What to work on: Strip the pictures, then copy the remaining data exactly as it stands.

Stored data:

■ ■ ■ ■ ■

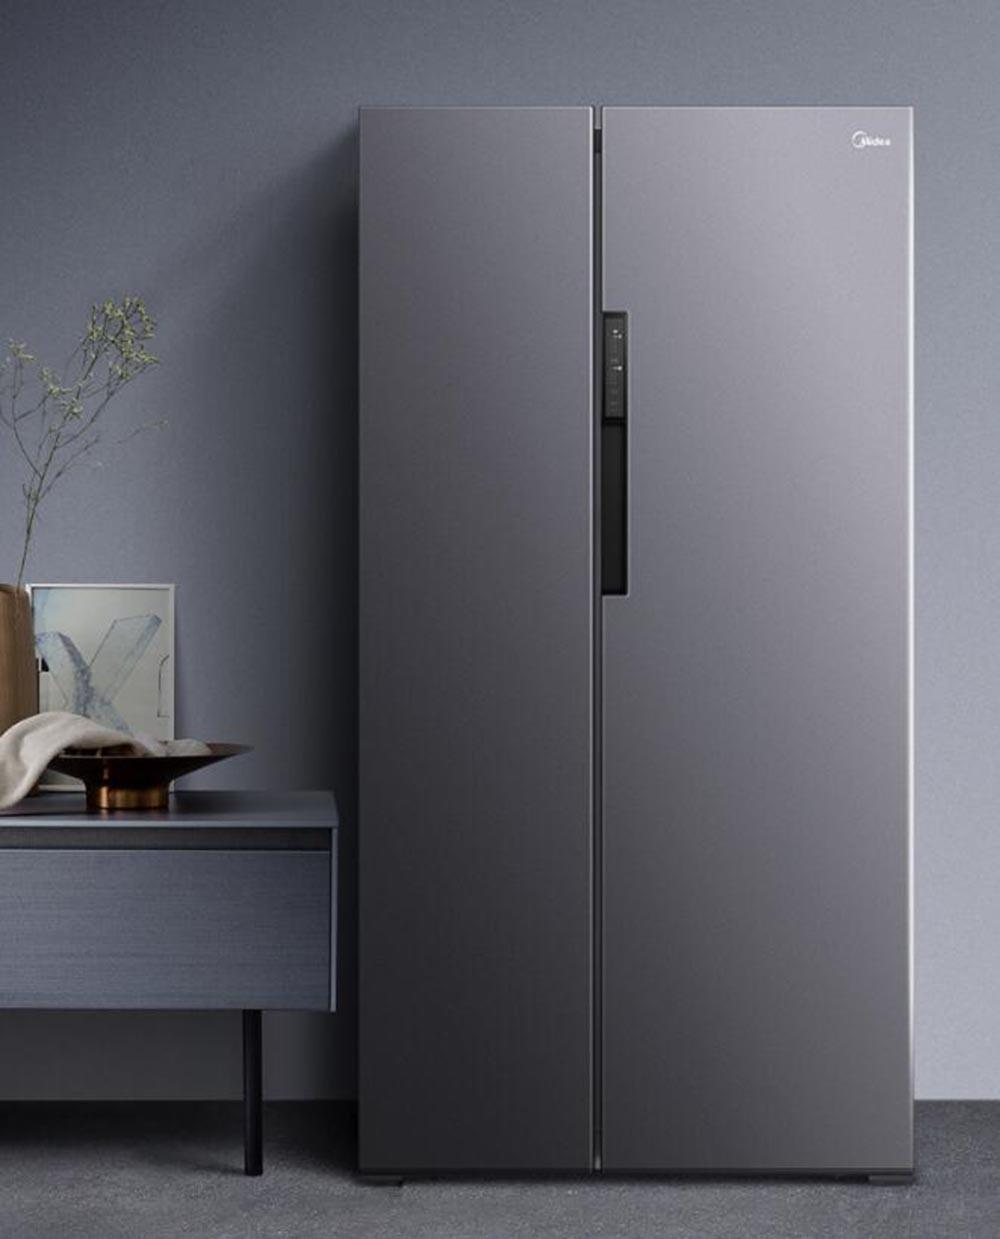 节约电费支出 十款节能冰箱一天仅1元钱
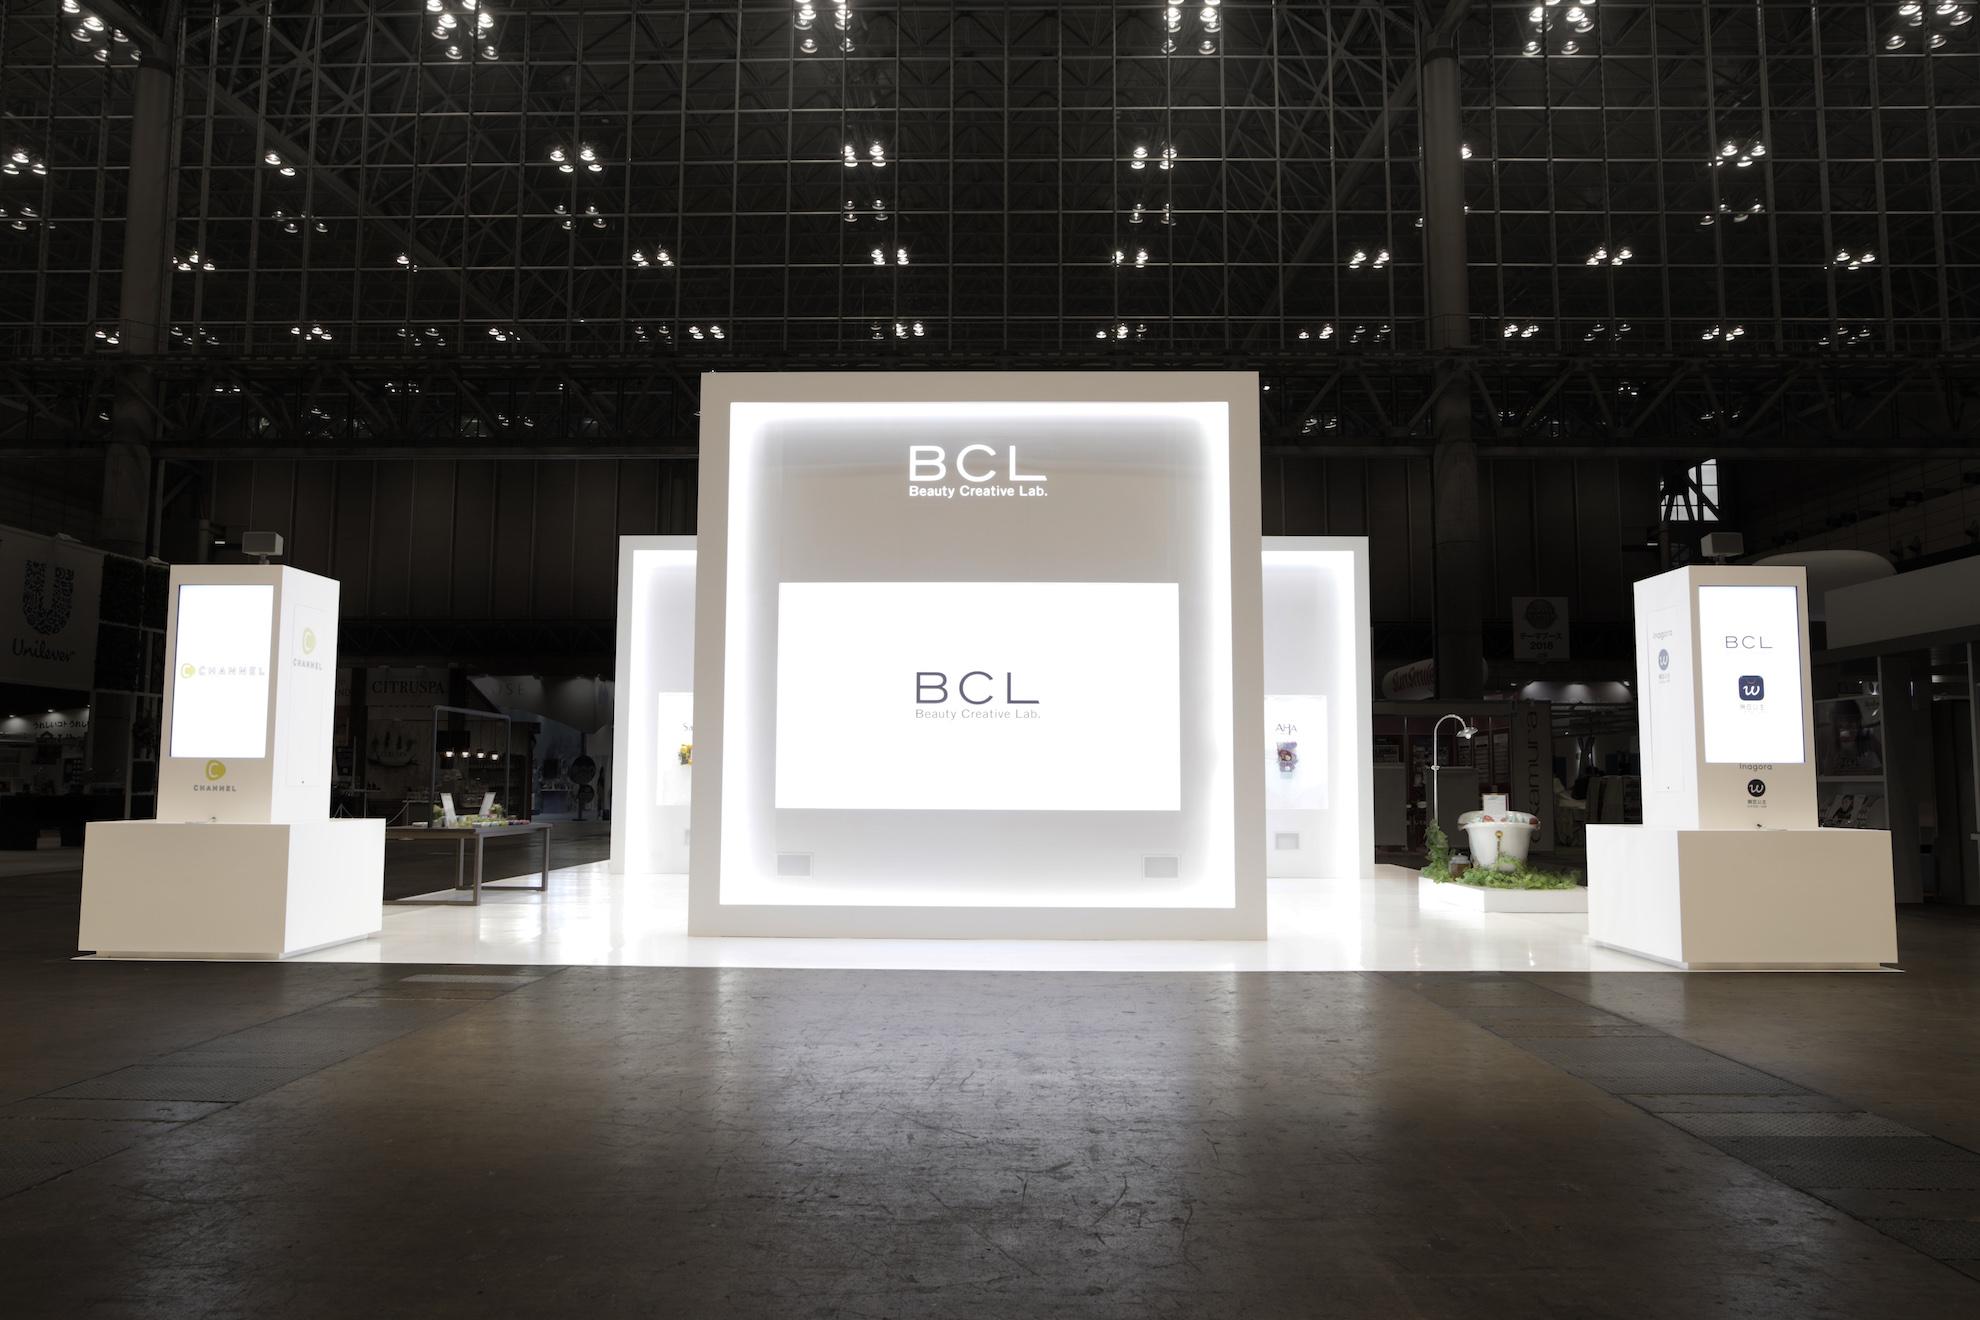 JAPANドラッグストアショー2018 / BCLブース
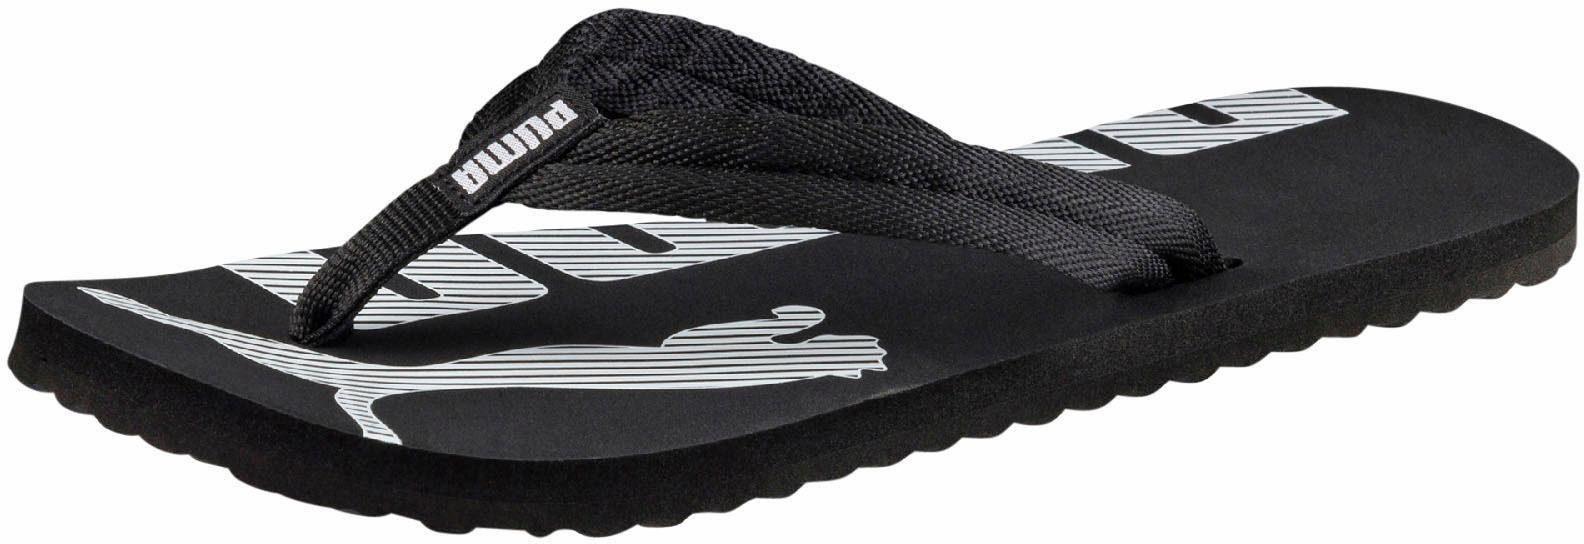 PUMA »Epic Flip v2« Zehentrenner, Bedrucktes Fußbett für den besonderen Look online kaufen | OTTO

■ ■ ■ ■ ■

Completed task:
 节约电费支出 十款节能冰箱一天仅1元钱
 JAPANドラッグストアショー2018 / BCLブース
 PUMA »Epic Flip v2« Zehentrenner, Bedrucktes Fußbett für den besonderen Look online kaufen | OTTO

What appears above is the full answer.